The first stage will be to map a SQL source into a list of tokens (lexing). Then we'll call parse functions to find individual SQL statements (such as SELECT). These parse functions will in turn call their own helper functions to find patterns of recursively parseable chunks, keywords, symbols (like parenthesis), identifiers (like a table name), and numeric or string literals.

Then, we'll write an in-memory backend to do operations based on an AST. Finally, we'll write a REPL to accept SQL from a CLI and pass it to the in-memory backend.

This post assumes a basic understanding of parsing concepts. We won't skip any code, but also won't go into great detail on why we structure the way we do.

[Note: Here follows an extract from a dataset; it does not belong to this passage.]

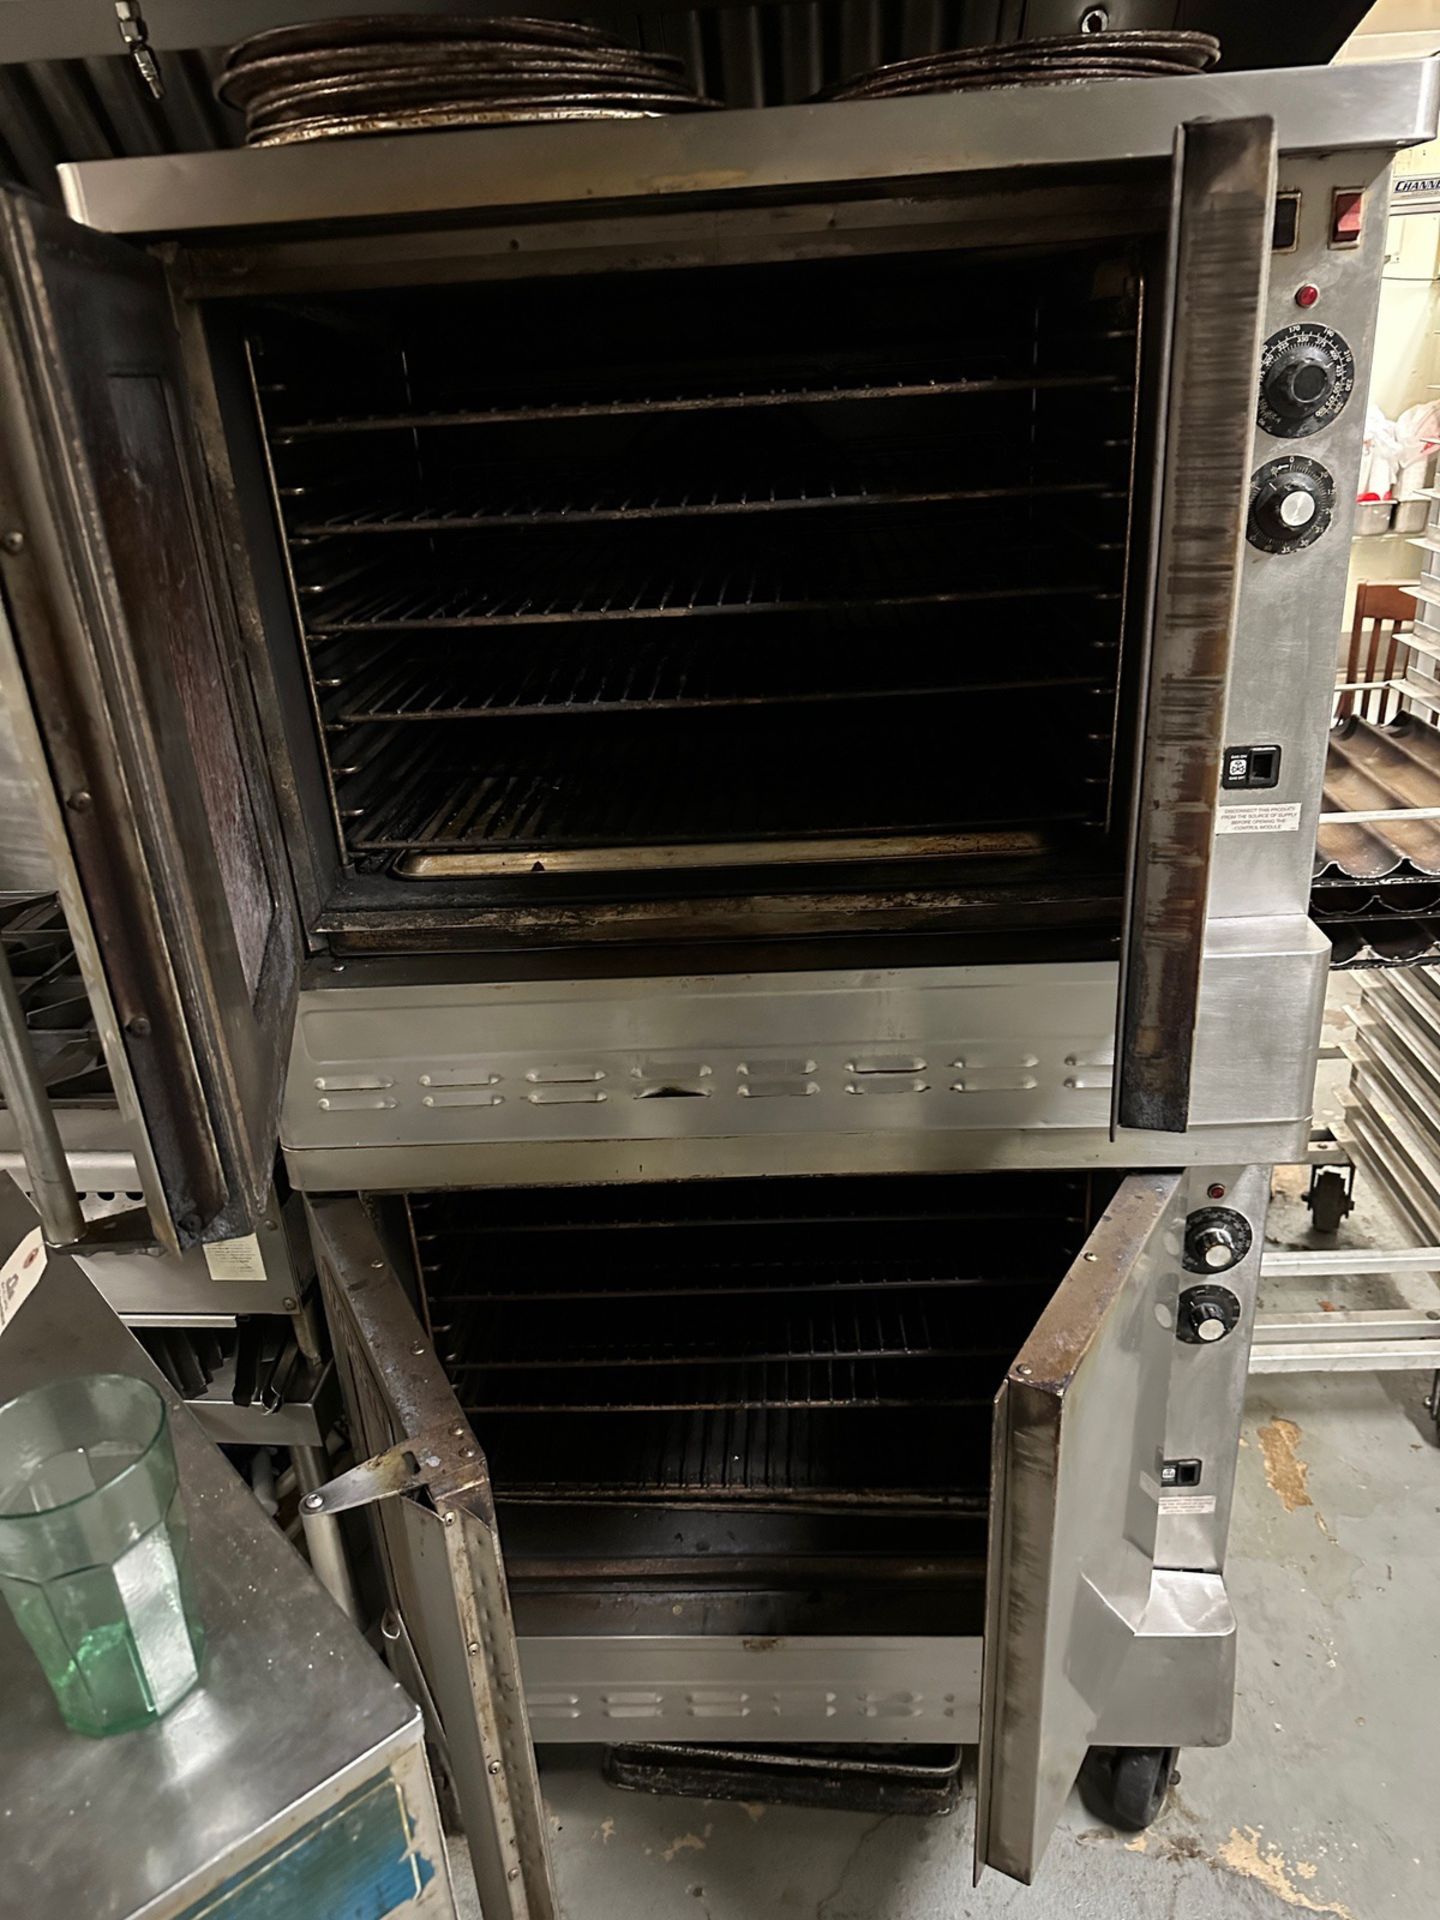 Blodgett Dual Stacked Ovens with Baking Sheets - Subj to Bulk | Rig Fee $200 - Image 2 of 3

For a simpler introduction to parsing and parsing concepts, see this post on parsing JSON.

Lexing

The lexer is responsible for finding every distinct group of characters in source code: tokens. This will consist primarily of identifiers, numbers, strings, and symbols.

What follows is a second, more orthodox pass at lexing. The first pass took a number of shortcuts and couldn't handle spaces in strings, for example.

Here is the relevant pull request in gosql if you are curious.

The gist of the logic will be to pass control to a helper function for each kind of token. If the helper function succeeds in finding a token, it will return true and the location for the lexer to start at next. It will continue doing this until it reaches the end of the source.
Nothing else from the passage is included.